使用 LightGBM 回归器转换管道

使用浮点数和 TreeEnsemble 操作符时观察到的差异(参见 切换到浮点数时的 问题)解释了为什么即使 LGBMRegressor 与浮点数张量一起使用,其转换器也可能引入明显的差异。

lightgbm 使用双精度数实现。具有多棵树的随机森林回归器通过添加每棵树的预测来计算其预测。转换为 ONNX 后,此求和变为 \left[\sum\right]_{i=1}^F float(T_i(x)),其中 F 是森林中树的数量,T_i(x) 是树 i 的输出,而 \left[\sum\right] 是浮点数加法。差异可以表示为 D(x) = |\left[\sum\right]_{i=1}^F float(T_i(x)) - \sum_{i=1}^F T_i(x)|。随着森林中树的数量增加,此值也会增加。

为了减少影响,添加了一个选项将节点 TreeEnsembleRegressor 分割成多个节点,并这次使用双精度数进行求和。如果我们假设节点被分割成 a 个节点,则差异变为 D'(x) = |\sum_{k=1}^a \left[\sum\right]_{i=1}^{F/a} float(T_{ak + i}(x)) - \sum_{i=1}^F T_i(x)|

训练 LGBMRegressor

import packaging.version as pv
import warnings
import timeit
import numpy
from pandas import DataFrame
import matplotlib.pyplot as plt
from tqdm import tqdm
from lightgbm import LGBMRegressor
from onnxruntime import InferenceSession
from skl2onnx import to_onnx, update_registered_converter
from skl2onnx.common.shape_calculator import (
    calculate_linear_regressor_output_shapes,
)  # noqa
from onnxmltools import __version__ as oml_version
from onnxmltools.convert.lightgbm.operator_converters.LightGbm import (
    convert_lightgbm,
)  # noqa


N = 1000
X = numpy.random.randn(N, 20)
y = numpy.random.randn(N) + numpy.random.randn(N) * 100 * numpy.random.randint(
    0, 1, 1000
)

reg = LGBMRegressor(n_estimators=1000)
reg.fit(X, y)
[LightGBM] [Info] Auto-choosing col-wise multi-threading, the overhead of testing was 0.000276 seconds.
You can set `force_col_wise=true` to remove the overhead.
[LightGBM] [Info] Total Bins 5100
[LightGBM] [Info] Number of data points in the train set: 1000, number of used features: 20
[LightGBM] [Info] Start training from score 0.001127
LGBMRegressor(n_estimators=1000)
在 Jupyter 环境中,请重新运行此单元格以显示 HTML 表示形式或信任笔记本。
在 GitHub 上,HTML 表示形式无法呈现,请尝试使用 nbviewer.org 加载此页面。


注册 LGBMClassifier 的转换器

转换器在 onnxmltools 中实现: onnxmltools…LightGbm.py。以及形状计算器: onnxmltools…Regressor.py

def skl2onnx_convert_lightgbm(scope, operator, container):
    options = scope.get_options(operator.raw_operator)
    if "split" in options:
        if pv.Version(oml_version) < pv.Version("1.9.2"):
            warnings.warn(
                "Option split was released in version 1.9.2 but %s is "
                "installed. It will be ignored." % oml_version
            )
        operator.split = options["split"]
    else:
        operator.split = None
    convert_lightgbm(scope, operator, container)

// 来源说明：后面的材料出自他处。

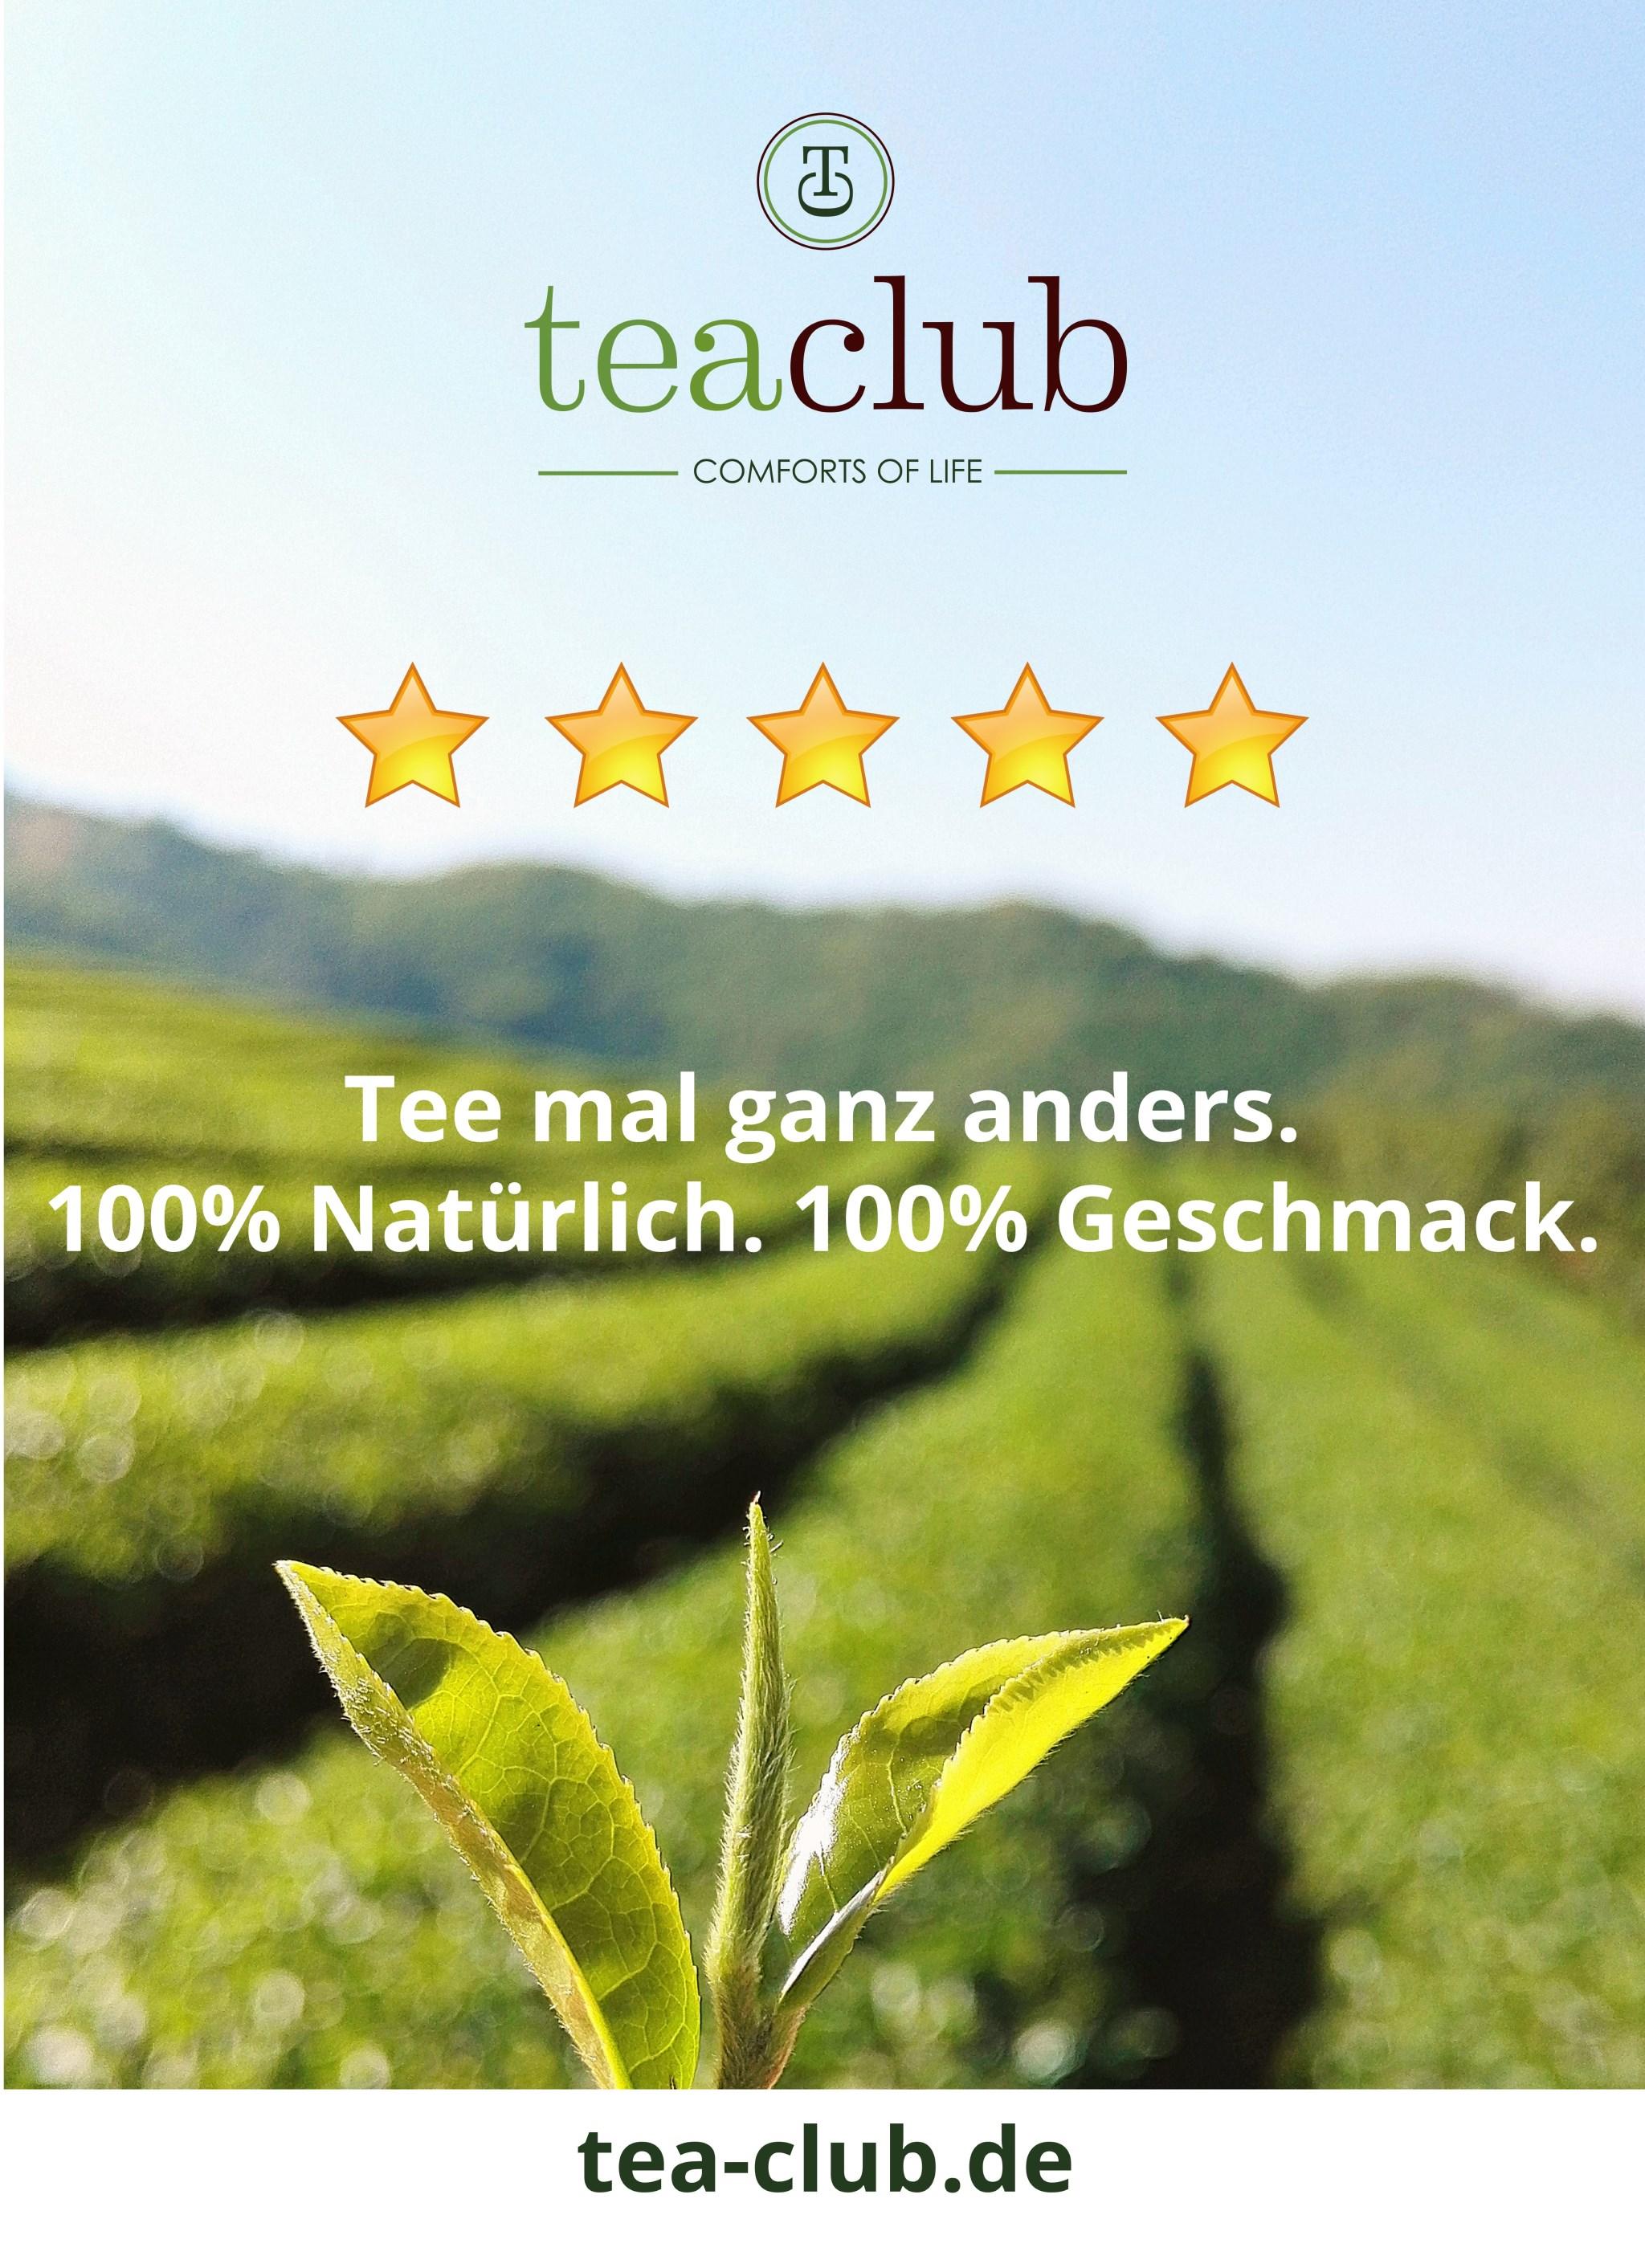 teaclub_1_100_natuerlich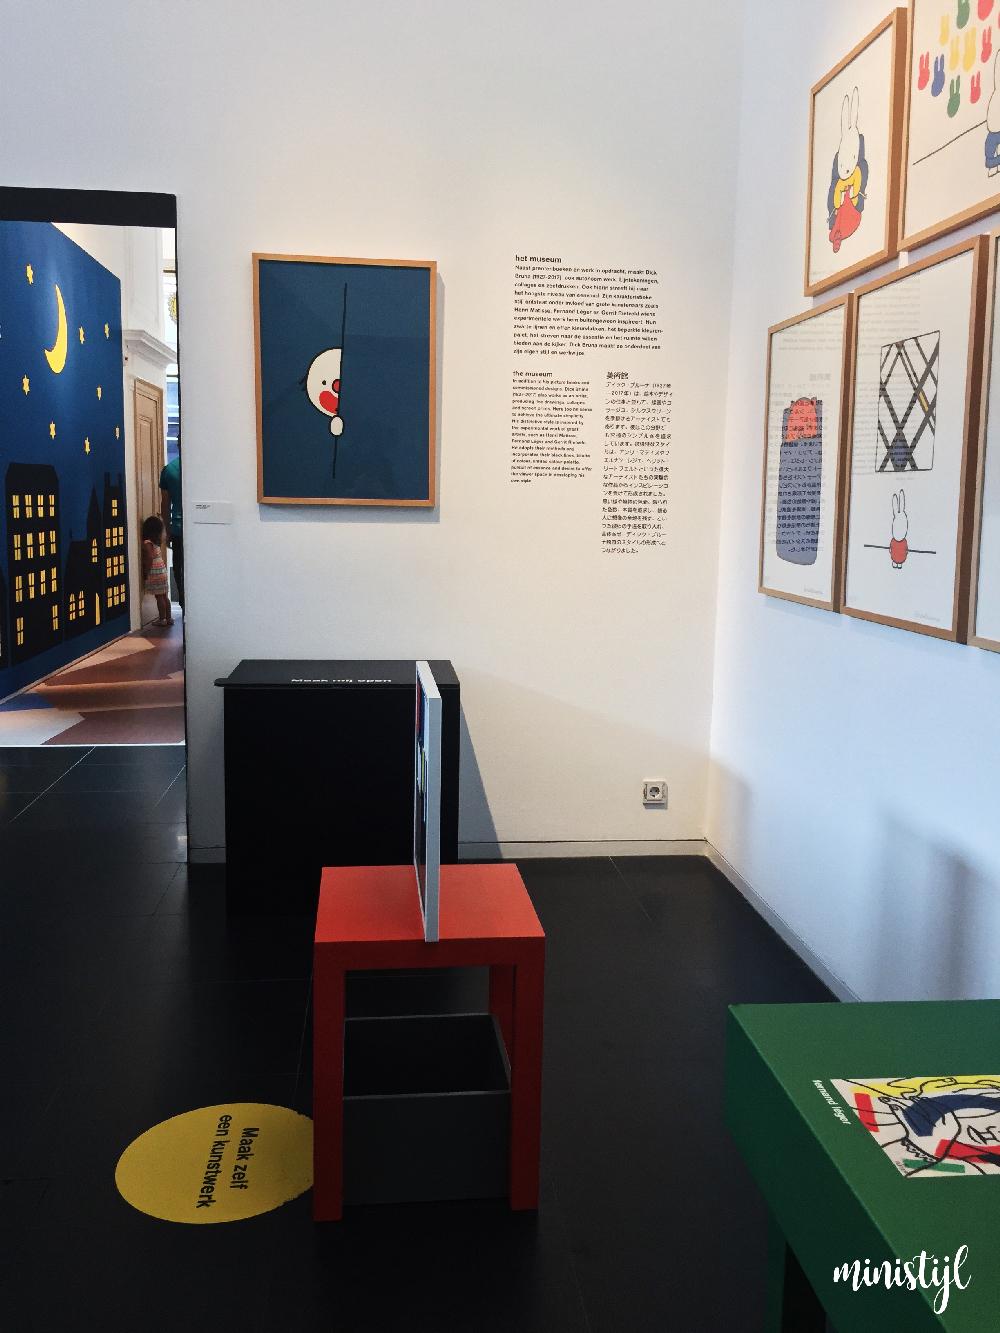 nijntje-museum-

update_registered_converter(
    LGBMRegressor,
    "LightGbmLGBMRegressor",
    calculate_linear_regressor_output_shapes,
    skl2onnx_convert_lightgbm,
    options={"split": None},
)

转换

我们按照两种场景转换相同的模型,一种是单个 TreeEnsembleRegressor 节点,另一种是多个节点。split 参数是每个 TreeEnsembleRegressor 节点的树的数量。

model_onnx = to_onnx(
    reg, X[:1].astype(numpy.float32), target_opset={"": 14, "ai.onnx.ml": 2}
)
model_onnx_split = to_onnx(
    reg,
    X[:1].astype(numpy.float32),
    target_opset={"": 14, "ai.onnx.ml": 2},
    options={"split": 100},
)

差异

sess = InferenceSession(
    model_onnx.SerializeToString(), providers=["CPUExecutionProvider"]
)
sess_split = InferenceSession(
    model_onnx_split.SerializeToString(), providers=["CPUExecutionProvider"]
)

X32 = X.astype(numpy.float32)
expected = reg.predict(X32)
got = sess.run(None, {"X": X32})[0].ravel()
got_split = sess_split.run(None, {"X": X32})[0].ravel()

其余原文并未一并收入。